Like everyone else in Hades, Charon dreams of ascending to the land of the living (preferably with Persephone, for whom he pines), though when pressed about what he plans to do there, he's at a loss. He just longs, like many imprisoned souls, to be somewhere else with someone he cannot have. His journey is our journey, and along the way we met an extraordinary cast of gods and demigods, all marvelously costumed by Sarah McMillan. Stark, wearing a stunning feathered hat and feather epaulets on his shoulders, is also on board the boat—which is beautifully designed by Swoon—and monitors the proceedings as a sort of silent sentry, his dark eyes blazing intensely.

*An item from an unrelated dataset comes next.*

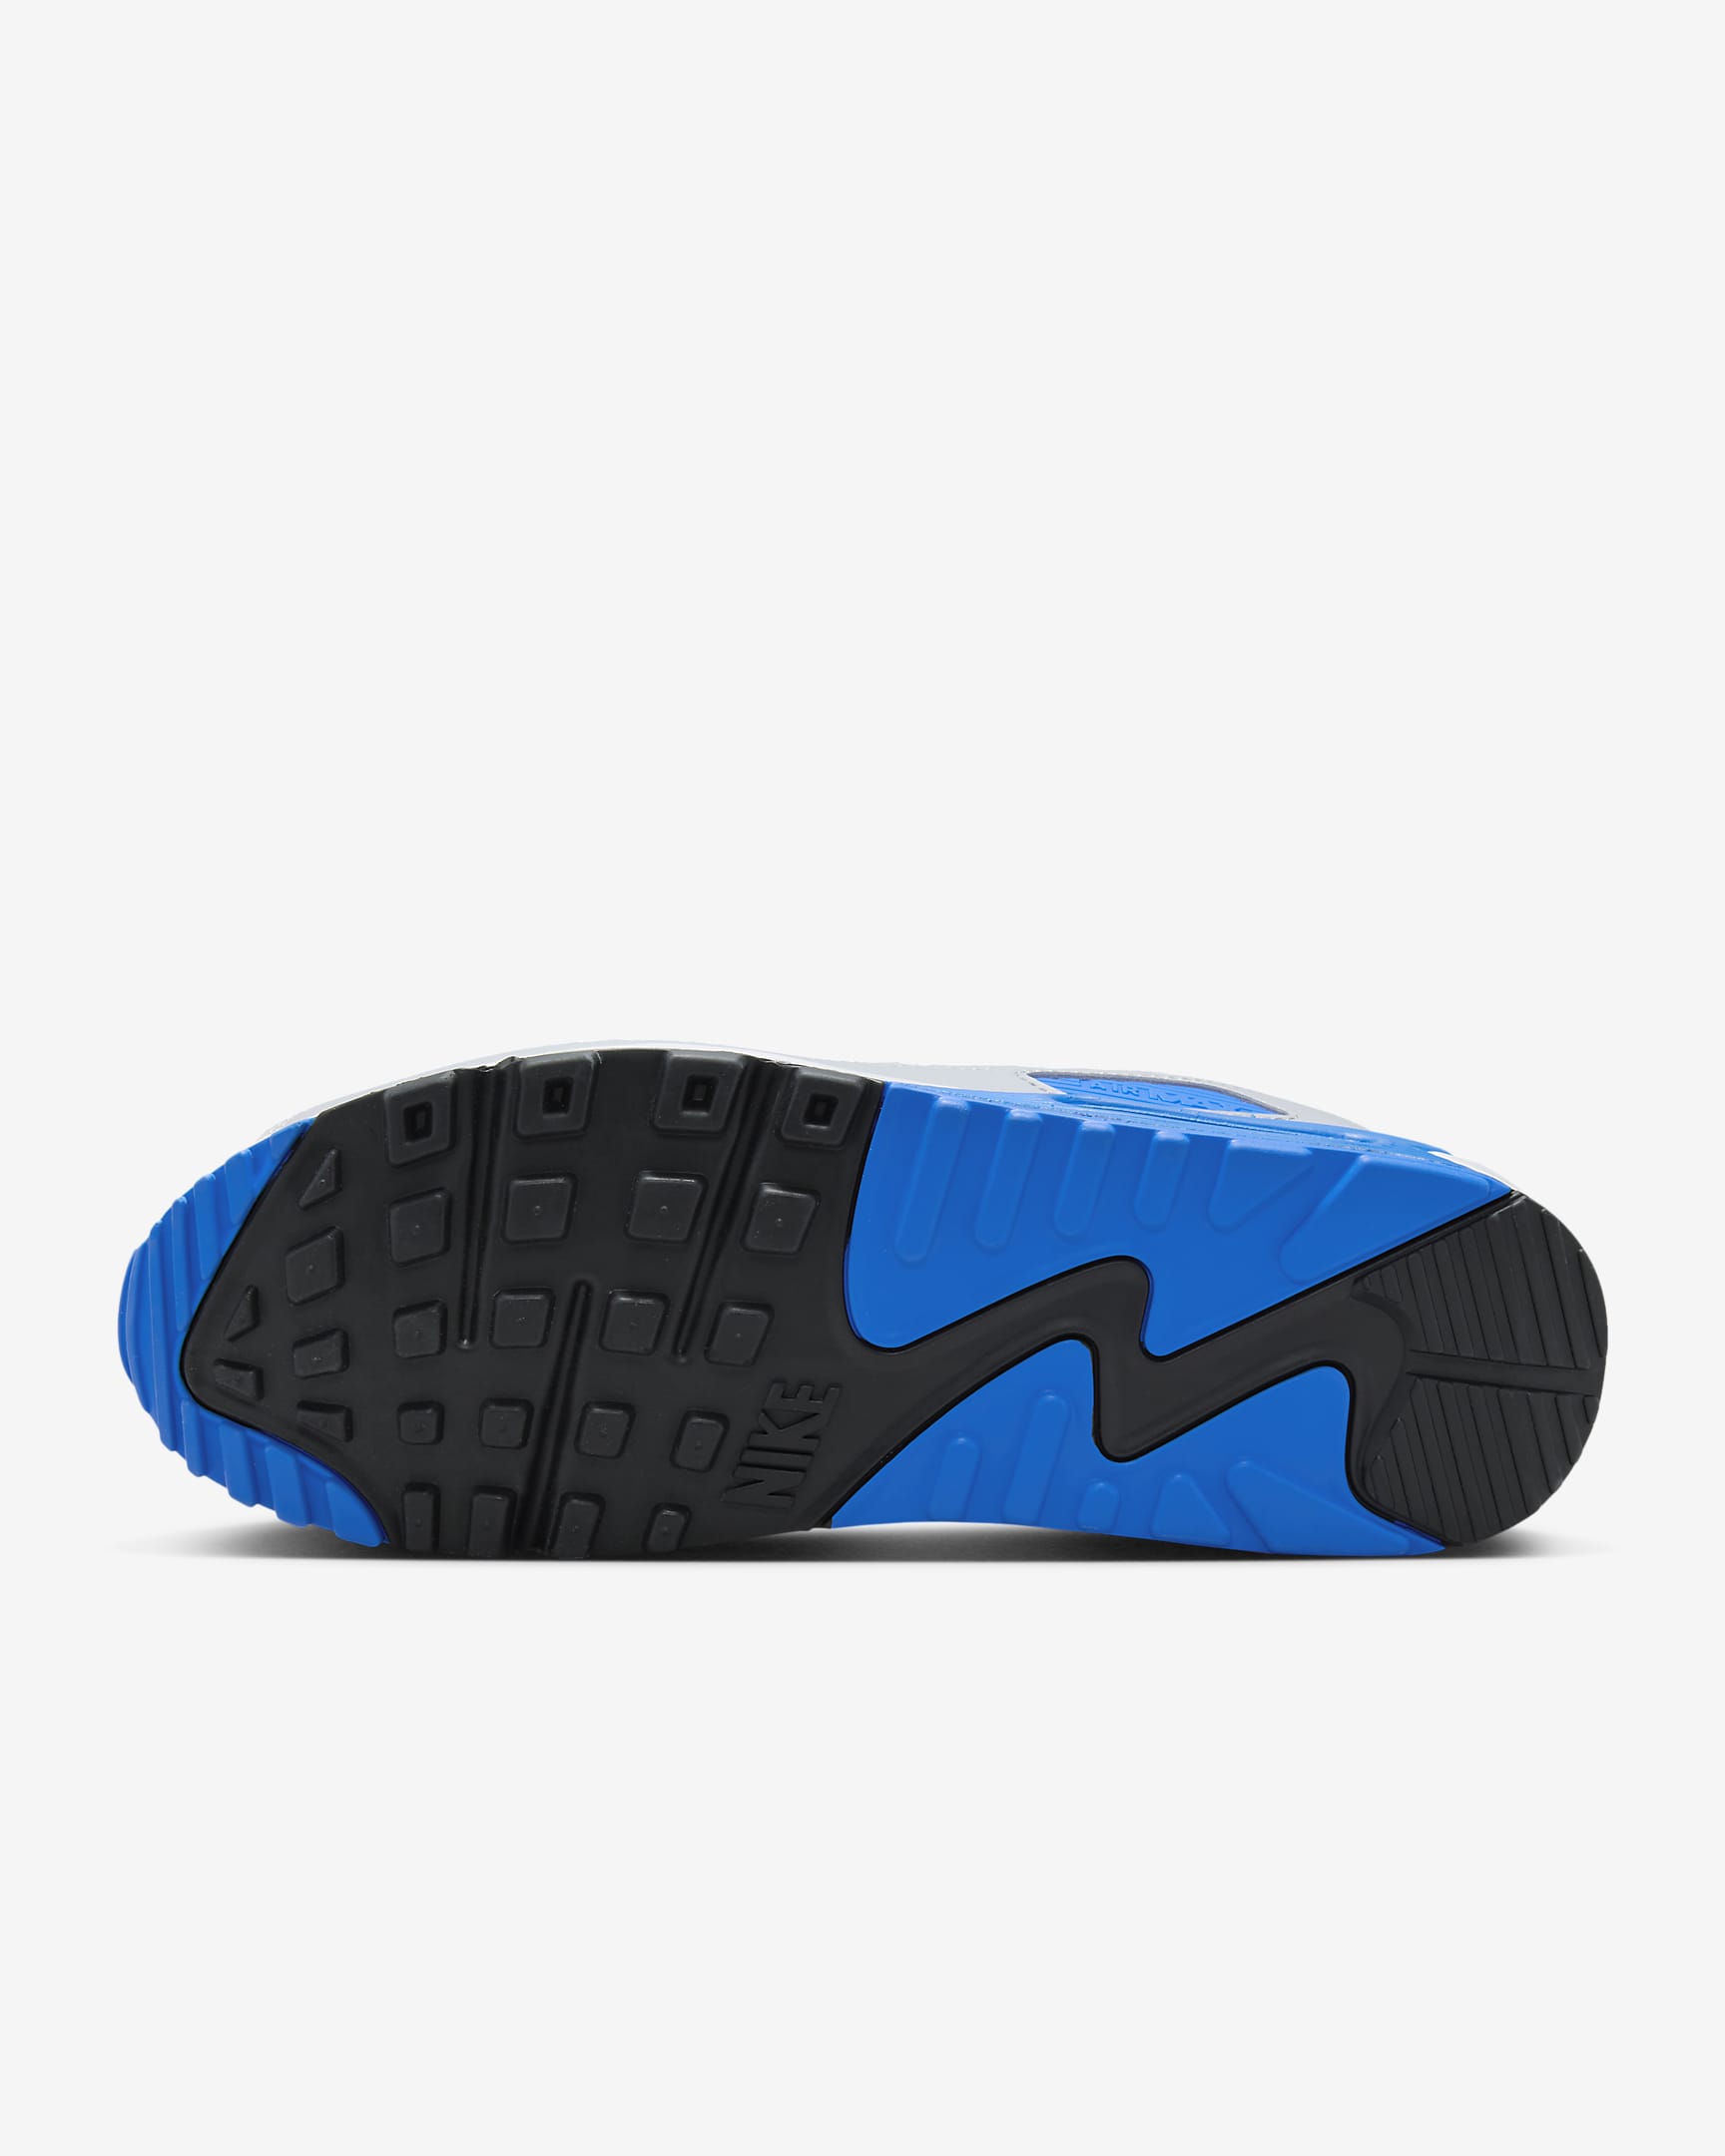 Nike Air Max 90 Men's Shoes - White/Photo Blue/Pure Platinum/Black

The story never takes itself too seriously, and under Stark's direction the performance ebbed and flowed seamlessly between delightful theatrical artifice and the truth of the present moment, which was that a group of strangers dressed in hooded cloaks had piled into a boat on a toxic canal to explore a different, somewhat forbidden, part of New York City, hopefully without falling in.

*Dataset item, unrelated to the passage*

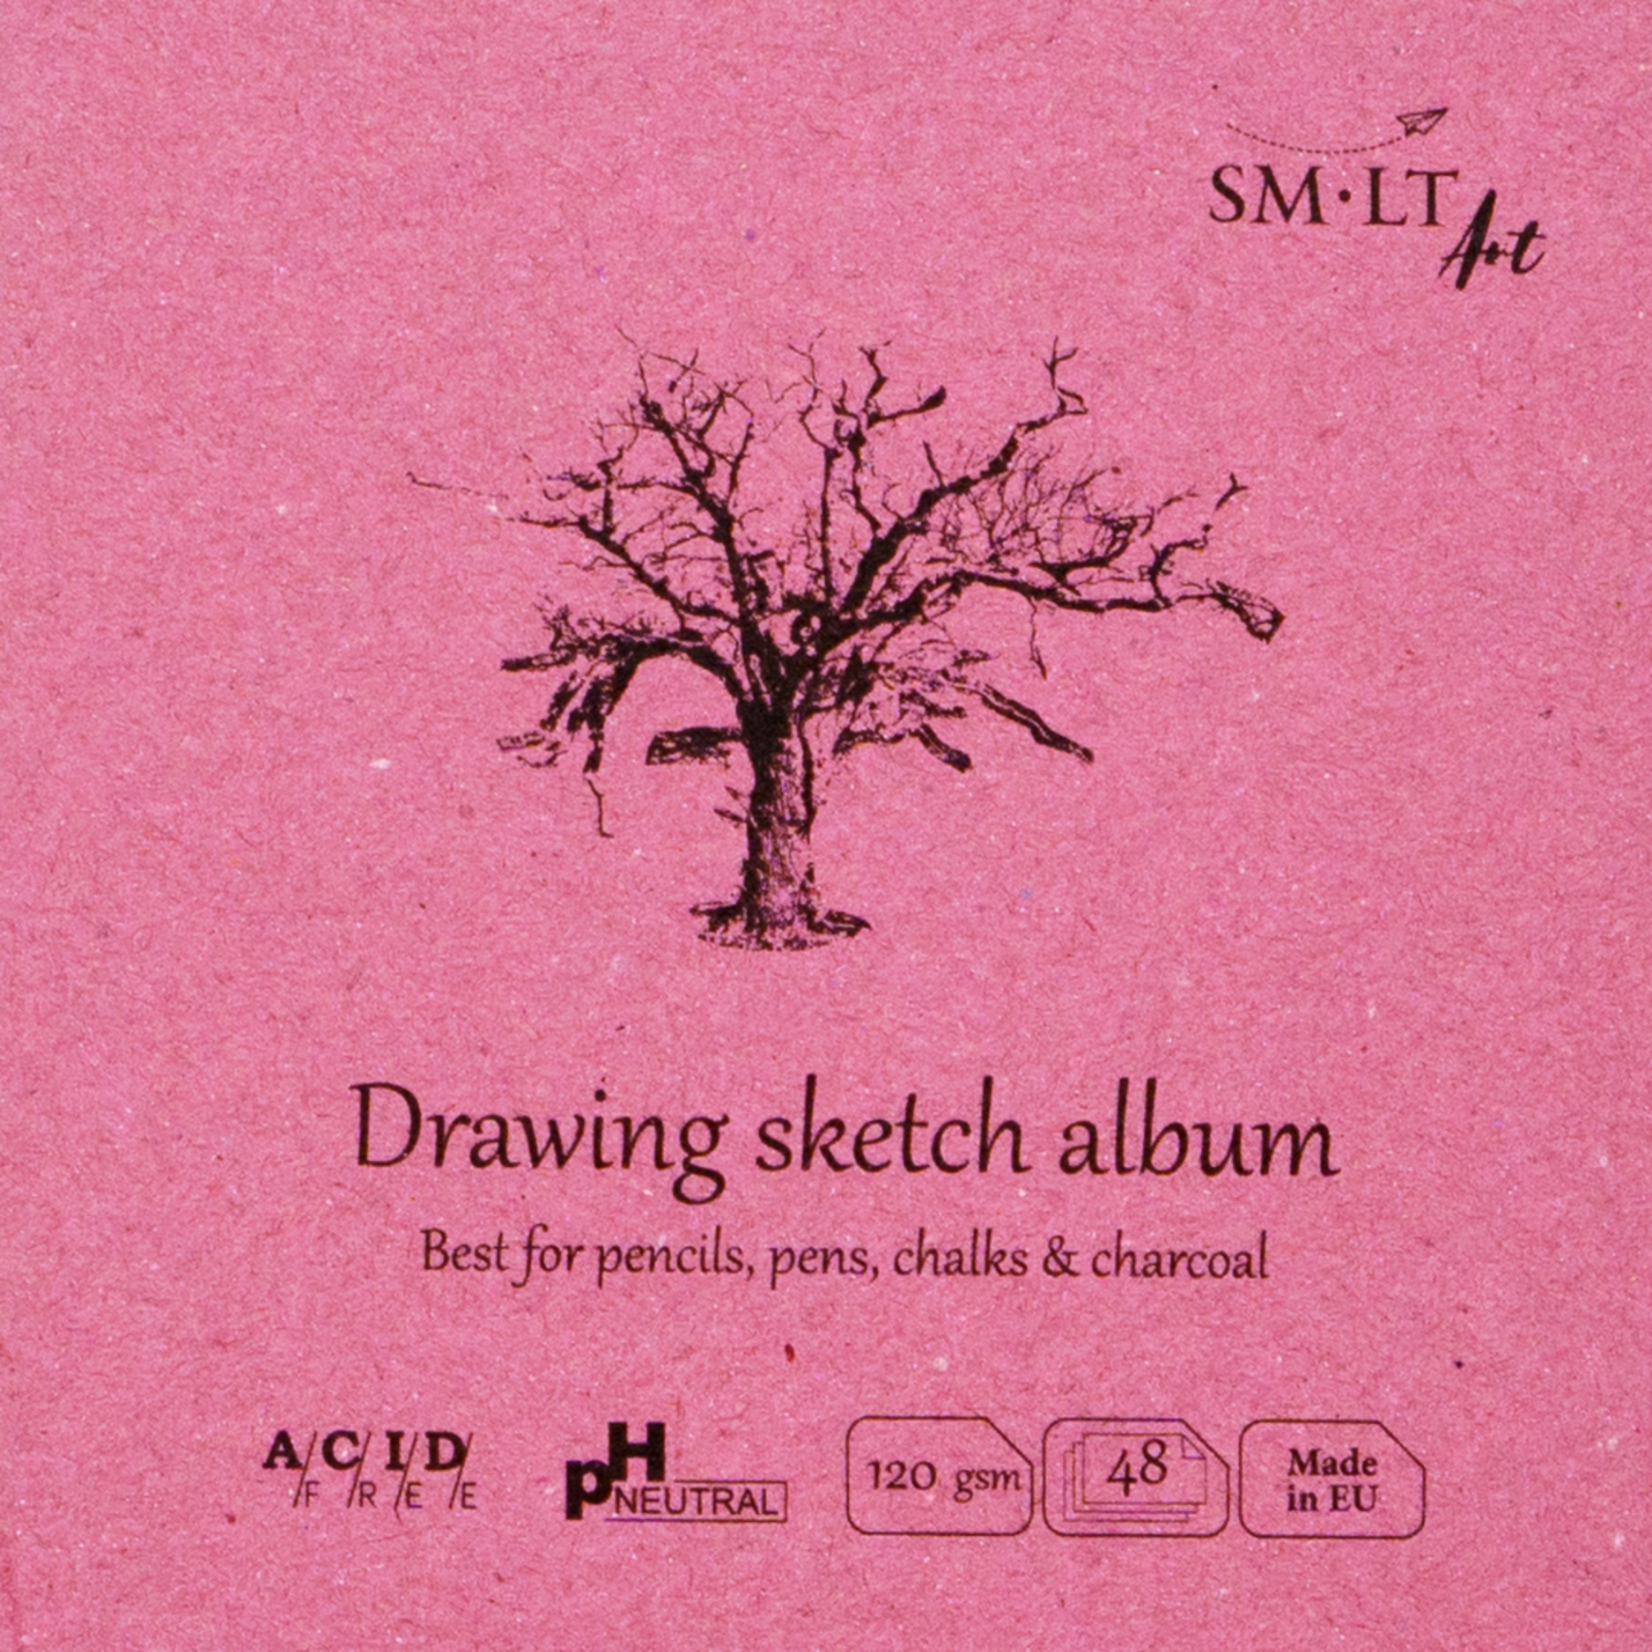 SM-LT ART LAY FLAT SKETCH ALBUM 6X6 DRAWING

Looking back, The Dreary Coast takes on the misty colors and textures of a fantastic dream—the memory seems to mesh better with my brain's subconscious fantasies than with anything that actually happened in reality, here in turbo-gentrifying Brooklyn 2014. The canal itself was, of course, the star, and some of the show's greatest moments unfolded in deep silence as the actors and audience grew still and drifted through the murky darkness. In other moments the dialogue itself was electrified by the location, like when Hades, his giant skull adorned with magnificent horns, addresses the mortal "shades" from atop his throne:
You want to be treated fairly. You hope you will not be stretched across a lake for eagles to eat your eyeballs. I remind you, those were your stories. There was a man, just over there, who dumped benzene into the canal for 20 years. Charon remembers this scoundrel. He owned a gas station on this canal, and you could pay him to make whatever you wanted go away. So he dumped benzene. Do you know what benzene is? It is a carcinogen. That means it causes cancer. It does not maybe cause cancer. It is not known to cause cancer in the State of California. It causes cancer. And this man, he dumped it in the canal for 20 years. Charon's beloved Dante would have that man sipping benzene through straws. Nursing his children with benzene. Popping malignant sores on his thyroid with long needles.

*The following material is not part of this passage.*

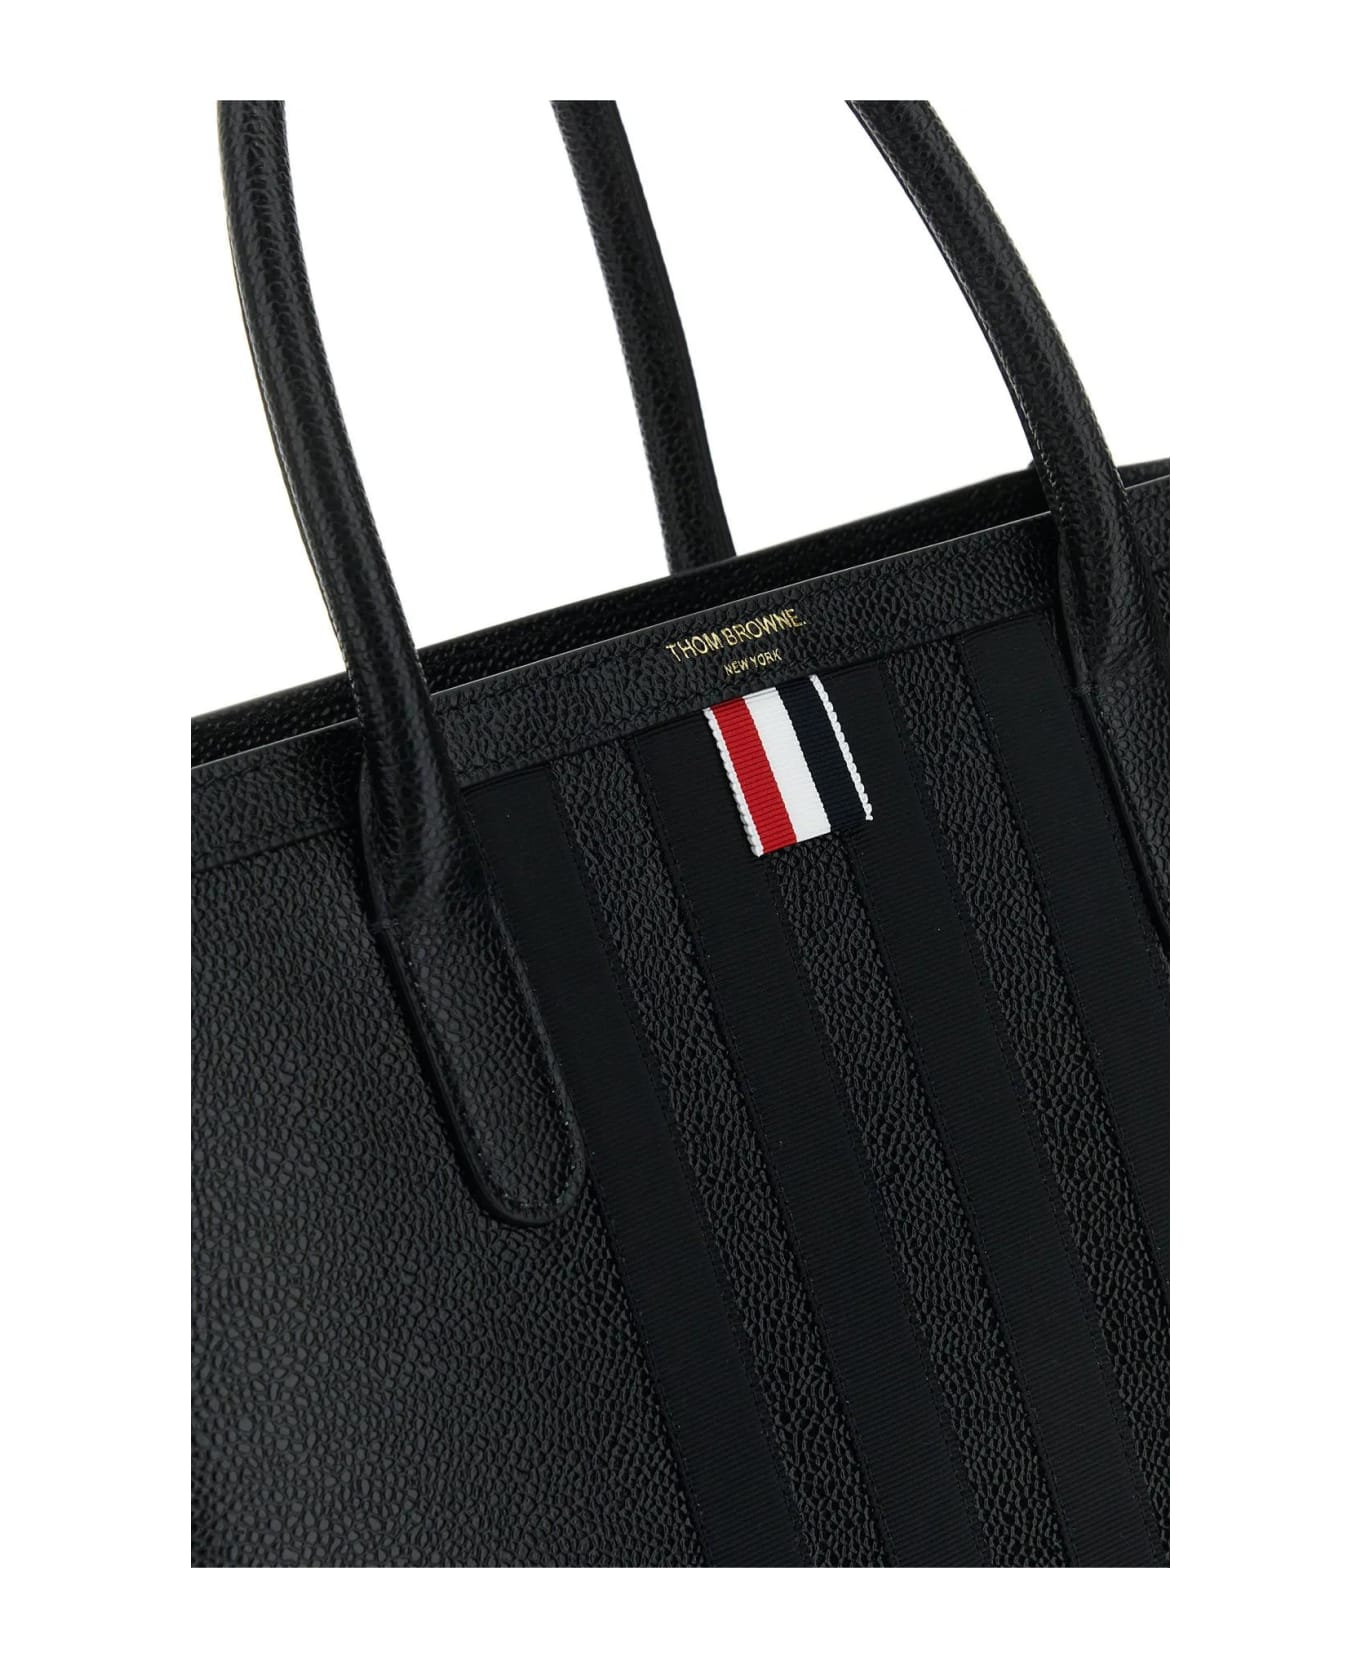 Thom Browne Black Leather Vertical Tote Handbag - Black

Do you know what actually happened to him? He died. He made life miserable for everyone around him, and then he died. Then he took a ride in this very boat. Same as you. He paid his fare. He sat next to a boy who had been hit by a car on Third Avenue. Same boat.
This mix of melancholy and absurdity and heavy truths makes The Dreary Coast compelling as a play, but it's the way Stark & Co. engage the audience's collective imagination that elevates the experience into something magical. Yes, you're on a boat drifting down a polluted canal past the Whole Foods, which is interesting in and of itself, but at the same time you're also mysteriously transported into some other dimension, where the old, forgotten gods are real, and definitely crazy.